Месяца через три после нашего приземления в Америке я написал Лене, а он ответил. Еще через полгода он позвонил. Дела у него шли хорошо. Он открыл на паях с двумя-тремя приятелями ночное кафе «Сова», успешное поначалу. Во всяком случае, так сказал Леня, когда позвонил в Бостон. Я получал от него бодрые письма. Но к моей полной неожиданности еще через год Леня с женой Зоей и дочкой Соней оказались в Германии, в маленьком городке неподалеку от Франкфурта. Леня позвонил мне оттуда. Из нашего разговора я узнал, что он едва унес ноги от мафии, которая начала преследовать его и забирать почти все деньги, заработанные в «Сове». Словом, ему пришлось отдать мафиозникам кафе и просить в посольстве Германии въездную визу. Он продал свою кооперативную квартиру в доме-башне с видом на Москву-реку, сложил чемоданы и стал беженцем.
Мы начали регулярно перезваниваться. Я из Бостона, он из-под Франкфурта. Леня писем не любил и почте не доверял. Звонил чаще он. Дело в том, что раз в месяц ему как неработающему давали купон на бесплатный телефонный разговор с Америкой. Мы у него были единственными близкими друзьями в этой стране. Как я понял из разговоров с Леней, работы ни для него, ни для Зои не было. Сонечка пошла учиться в один из последних классов школы. Сначала Коганов поддерживали местные еврейские благотворительные организации. Через несколько месяцев Коганам начали выдавать пособие, полагающееся в Германии беженцам из стран, в которых они подвергались национальным или религиозным преследованиям. Лене и его семье полагалось: они были евреями, а в России евреев притесняли. Все по справедливости. Постепенно Коганы обосновались в этом городке под Франкфуртом. Двух пособий вполне хватало на весьма умеренную квартплату и на хорошие продукты в местной лавке и супермаркете, до которых было рукой подать на их новеньком фольксвагене. Хватало даже на уплату членских взносов в местный теннисный клуб, где Леня и Зоя начали играть с местными теннисистами, иногда по два раза в день: утром и под вечер. «Жизнь, старик, здесь отличная! Еда отменная и недорогая. Занимаемся спортом. Прогуливаемся по окрестным полям. Учим понемногу немецкий — язык великих поэтов Гете и Гейне», — говорил мне Леня по телефону.

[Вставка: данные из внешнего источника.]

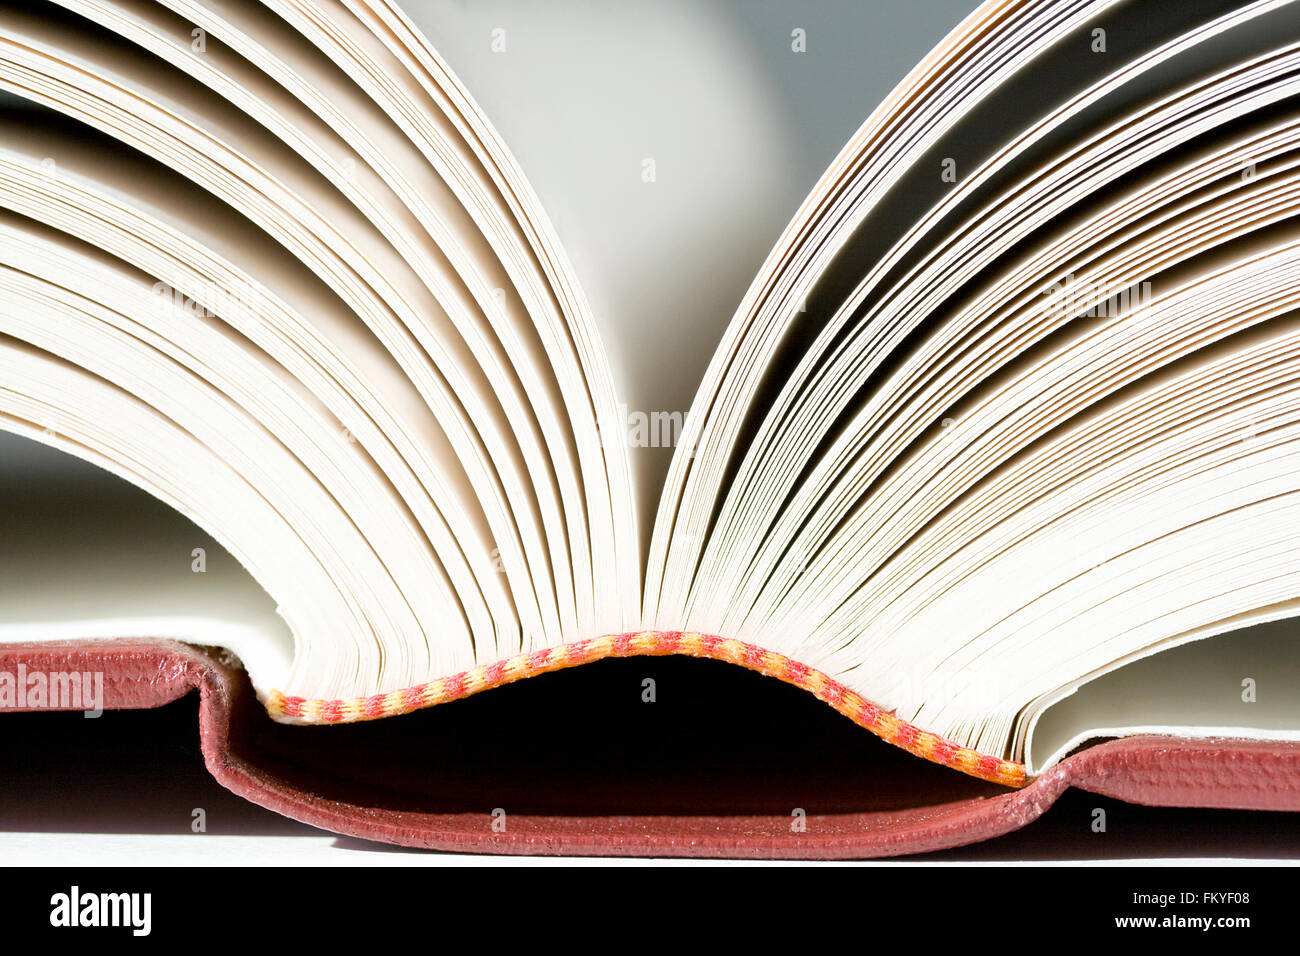 Close up of spine of open book Stock Photo

Все шло хорошо несколько лет. Коганы играли в теннис. Сонечка оканчивала колледж для медсестер. У нее завелся дружок — автомеханик Вальтер из соседнего городка. «А то, что Вальтер иногда остается у Сони в комнате до утра или она ночует у Вальтера, так это вполне в обычаях немцев и говорит об открытости и честности этого народа», — объяснял мой друг.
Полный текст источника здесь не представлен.